Tuesday, July 17, 2012

"Hell In the Pacific" by Jim McEnery (2012)

I  used to live in Baltimore, across the street from an ex-Marine who had actually seen the hell that defined the Battle for Guadalcanal in World War Two. He was in his late 60’s at the time, and even visited my son’s 5th grade class with some captured enemy souvenirs from the battle. His stories were almost unbelievable in their nature; but they were true. I wrote about him last December; it was a little piece about his courtship of his wife, and their eventual marriage after the war. I have never forgotten him; he was one of those guys you never do; being, as he was, a living link to one of the most unforgettable battles in our war against the Japanese, waged across the Pacific Ocean for over 3 and a half years, beginning with the attack by the Japanese on our naval Station at Pearl Harbor, in Hawaii.
So, when I saw this book by Jim McEnery, who is from Brooklyn, New York, at the library last week, I had to pick it up. Mr. McEnery is in his 90’s now, but his memories of what he went through on that island, so many years ago, are still sharp and vivid; as only the recollections of someone who has actually seen what he is writing about can be.

There aren’t too many World War Two Veterans left anymore to provide the firsthand accounts of that war. But, fortunately for us, Jim McEnery, a Marine who enlisted before Pearl Habor, is still alive and kicking, living in Ocala, Florida. Not bad for a guy with only an 8th grade education. He is one of the last survivors of the Battle for Guadalcanal. And the story he tells of that battle are exactly the same as the ones I heard from Mr. Watts so many years ago.
As a member of Rifle Company K/3/5; or K Company of the 3rd Battalion of the 5th Marines; he landed on the island August 7, 1942, a little less than a year after the Japanese attack on Pearl Harbor, and only 4 months after our first victory in the pacific at Midway. That battle was a struggle between naval forces from both sides; the Battle for Guadalcanal would be the first real test of resolve on the part of the United States to repel the advancing forces of the Japanese Empire. This would be the first island invasion of the war in which the steel bayonets of our Marines clashed with those of the Japanese Imperial Army .
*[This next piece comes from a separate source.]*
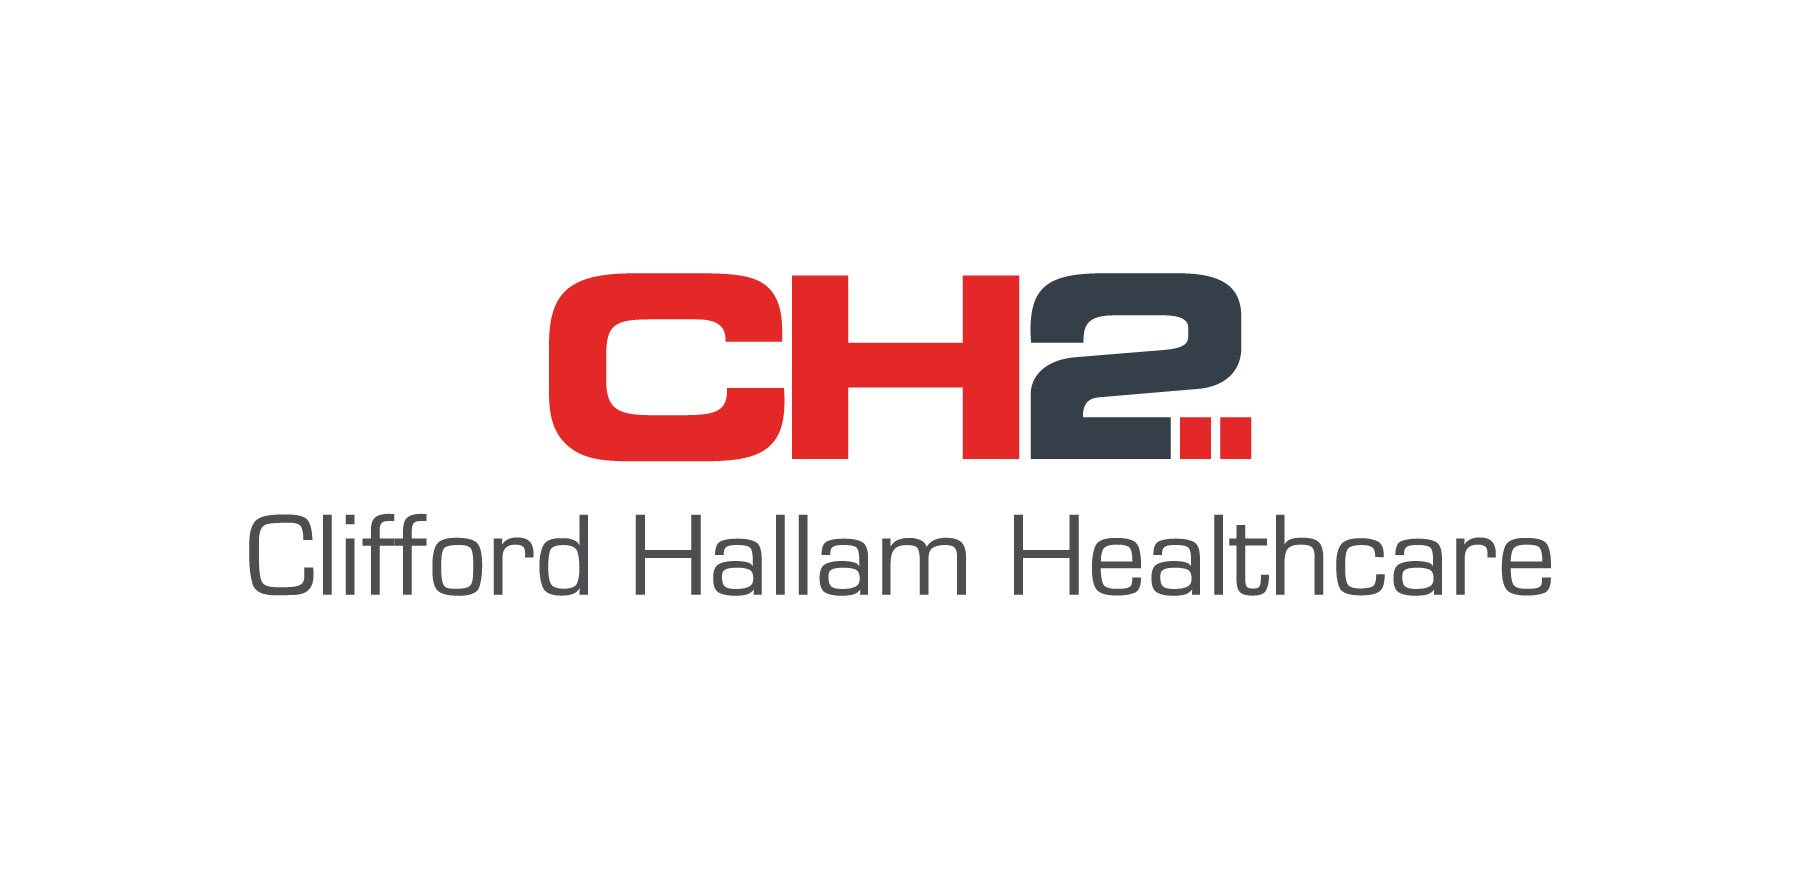 Clifford Hallam Healthcare  - Australian Wholesale Distributor

For the first month the Marines of K/3/5 would hack and hike their way across the island. They were tasked with holding the line at the canal, which was really just a tributary of the larger creek which ran through the island. It was, however, the line in the sand which protected the American Base at Henderson Field from being overrun by the Japanese. The Bottom of Iron Bottom Sound, in which our Navy suffered severe losses, would set the stage for the withdrawal of the Navy’s supply ships, leaving the Marines stranded with little or no supplies.
Mr. McEnery is unstinted in his praise for his fellow Marines, who came from all parts of the country, some the sons of immigrants. Cultural differences and customs were cast aside in the heat of battle. All Marines were Americans, fighting to stave off Japanese domination of the Pacific. He is also equally unstinted in his criticism of General “Dugout” MacArthur, who commanded his troops from a safe haven in Australia, emerging only a few times for photo ops in safe areas which had been won by the men who did the real fighting. MacArthur was not one of those. His opinion was that “the Marines got all the glory of the last war, and they’re not getting any from this one.” This attitude which was the main reason that the Marines are not listed on the Presidential Citation given to the Army and Navy for the battle fought mainly by the Marines, and that omission still stings the author today, a full seven decades later.
Mr. McEnery is also very critical of President Roosevelt’s policy of saving the European theater first, sending all the latest supplies and weapons to England, rather than the Pacific. In Roosevelt’s defense it must be realized that Germany was working, with Russia, to develop the world’s first rockets, the V-2, and also the atomic bomb. Had they been successful in those endeavors; and they were perilously close to those goals; both the war in the Pacific, as well as the war in Europe would have been lost.
Surprisingly, Mr. McEnery lets the Navy off rather lightly for their desertion, citing; correctly; that they had no air cover from the Army Air Corps. This lack of air cover left our own ships vulnerable to attack by air from the Japanese. When those ships were forced to leave the area, they left the Marines without the materials they needed to win the battle, and the war itself.

This is a wonderfully candid book by a kid from Brooklyn who was right on the scene of one of the worst island invasions of the war. The Battle for Guadalcanal set the tone for the island hopping which lay ahead as the marines made landing after landing on the route to Japan. And all along that route, it was guys like Mr. McEnery, and his comrades, that paved the way to victory in the Pacific.